Bug: Smilies break RSS feed
Test case
- Another test is to load this URL into FeedReader, which also complains.
Environment
| TWiki version: |
TWiki.org |
| TWiki plugins: |
various, including SmiliesPlugin |
| Server OS: |
|
| Web server: |
|
| Perl version: |
|
| Client OS: |
Win2000 |
| Web Browser: |
IE 5.5 or FeedReader 1.65b |
--
RichardDonkin - 15 Feb 2002
Fix record
A workaround is to avoid putting smilies near the top of pages - this one is OK though
The solution is to ensure that no
HTML elements get passed through to the RSS feed, even if plugin generated (perhaps just disable plugin processing on search results, as an option to
FormattedSearch)? Interestingly, the http:// link near the top of this page (i.e.

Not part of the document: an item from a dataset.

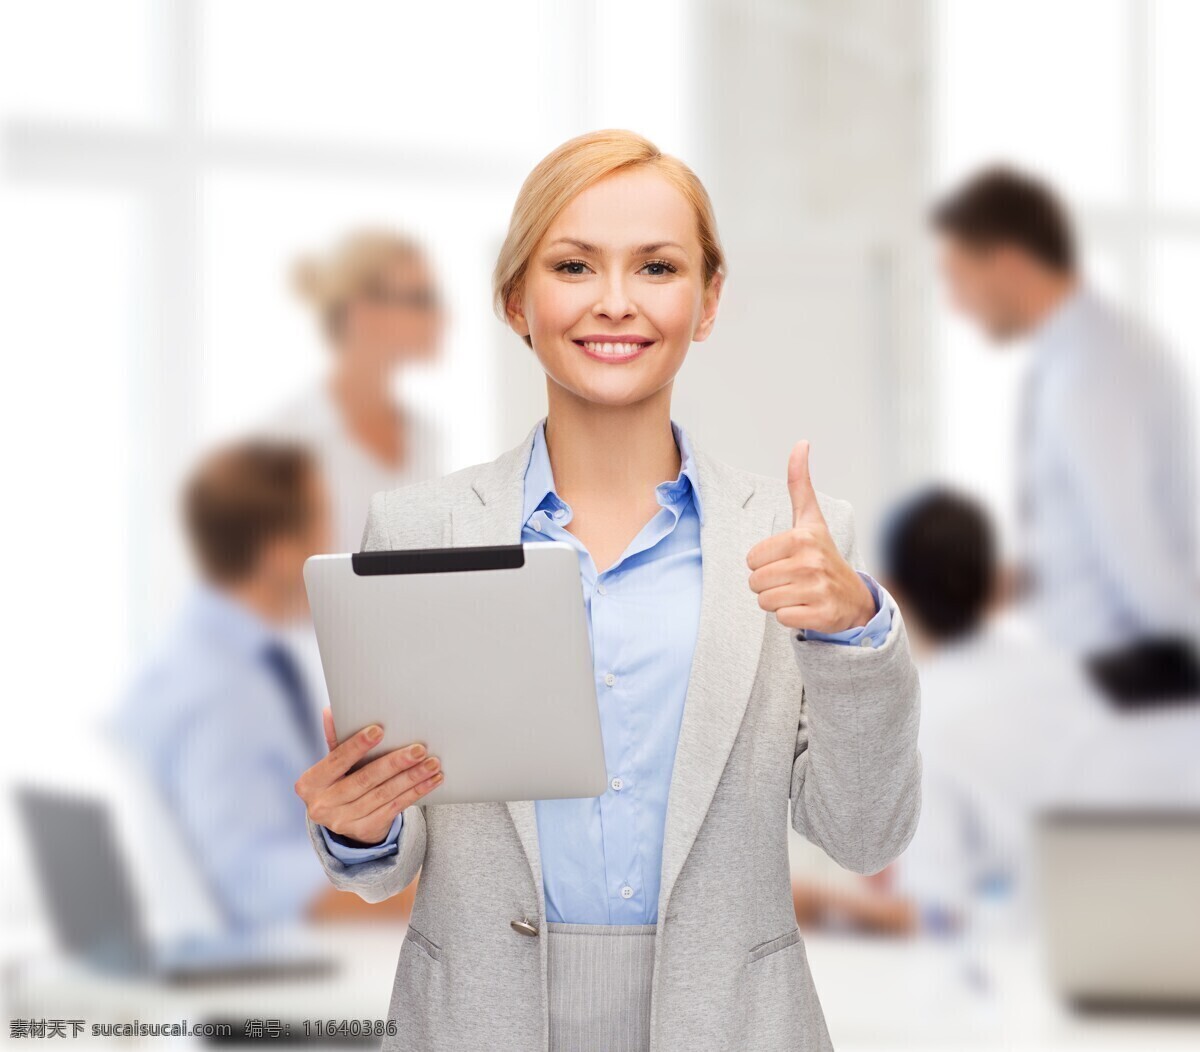 竖 大拇指 职业女性 平板电脑 白领 商务女士 职业人物 商务人士 人物图片

SmiliesBreakRssFeed) is handled OK, it just comes through as plain text rather than as an
HTML element.
Not sure of the best way of doing this, and it may require real code rather than
FormattedSearch.
--
RichardDonkin - 15 Feb 2002
The real problem is that plugins change the text in an unpredictable way.
WebRssBase has a
%SEARCH{}% that contains a
$summary. This summary is formatted as plain text (by
TWiki::makeTopicSummary()), that is, does not contain any
HTML code nor links. This breaks if a plugin adds some links or image tags.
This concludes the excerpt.